As for food… Yes, when I am under great deals of stress nothing tastes right, my appetite diminishes. But I do eat healthy, and I eat as often as I can but still do not gain weight easily, even if I am eating 5 meals a day. I dislike fried and fatty foods. Something needs to change though. When stress is the worst my appetite is completely gone and I literally have to set a timer on my phone in order to be mindful of meal times throughout the day. It’s a constant struggle.
No nutritionist here… I am trying to find a good local program that does not cost an arm and a leg. I can’t afford much as a single mother with no child support at this time. (That’s a whole other matter). I do have a Yoga mat & blocks at home, as well as some good DVDs. I want to take it up again and definitely need to have a good diet plan in place to ensure I am not losing weight in the process.
Matt, I will definitely look up that book, thank you. I’ve also never heard of the metta meditation practice, I’ll research it by all means.
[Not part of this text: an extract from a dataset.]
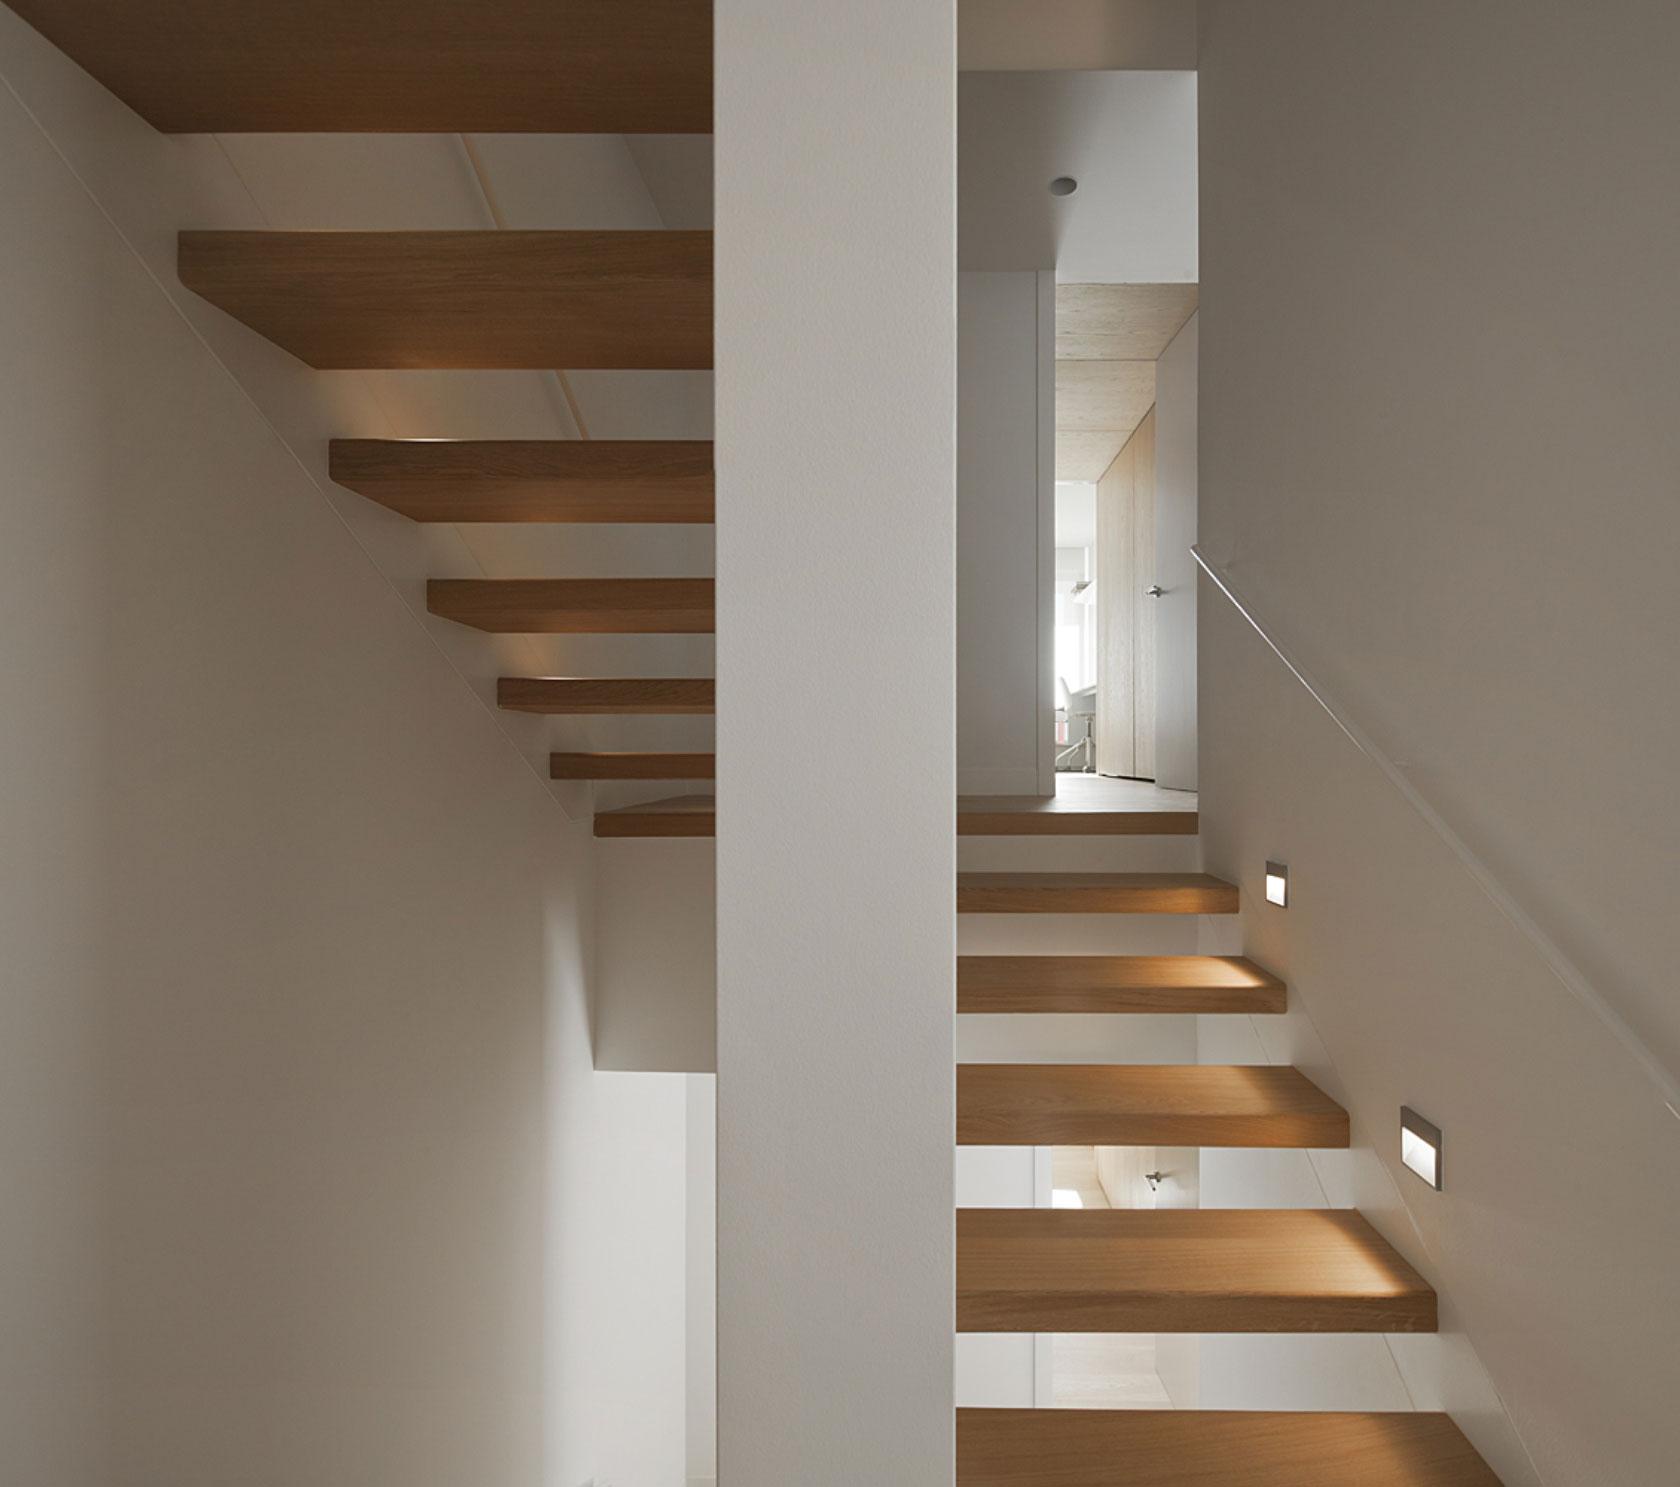 Деревянная лестница в интерьере - Фото 30

I’m also going to attempt to book an appointment with a local chiropractor/acupuncturist that happens to be fabulous (by review) and is in my health insurance network. He also works with many holistic remedies. My body feels ravaged right now. I’m skinny, my ears ring all the time (loudly), my hair seems to be greasy all the time and I have a breakout on my shoulders and back that I have not been able to get rid of for the life of me since the miscarriage. I lost so much more than just a baby that day. I think my body just said enough.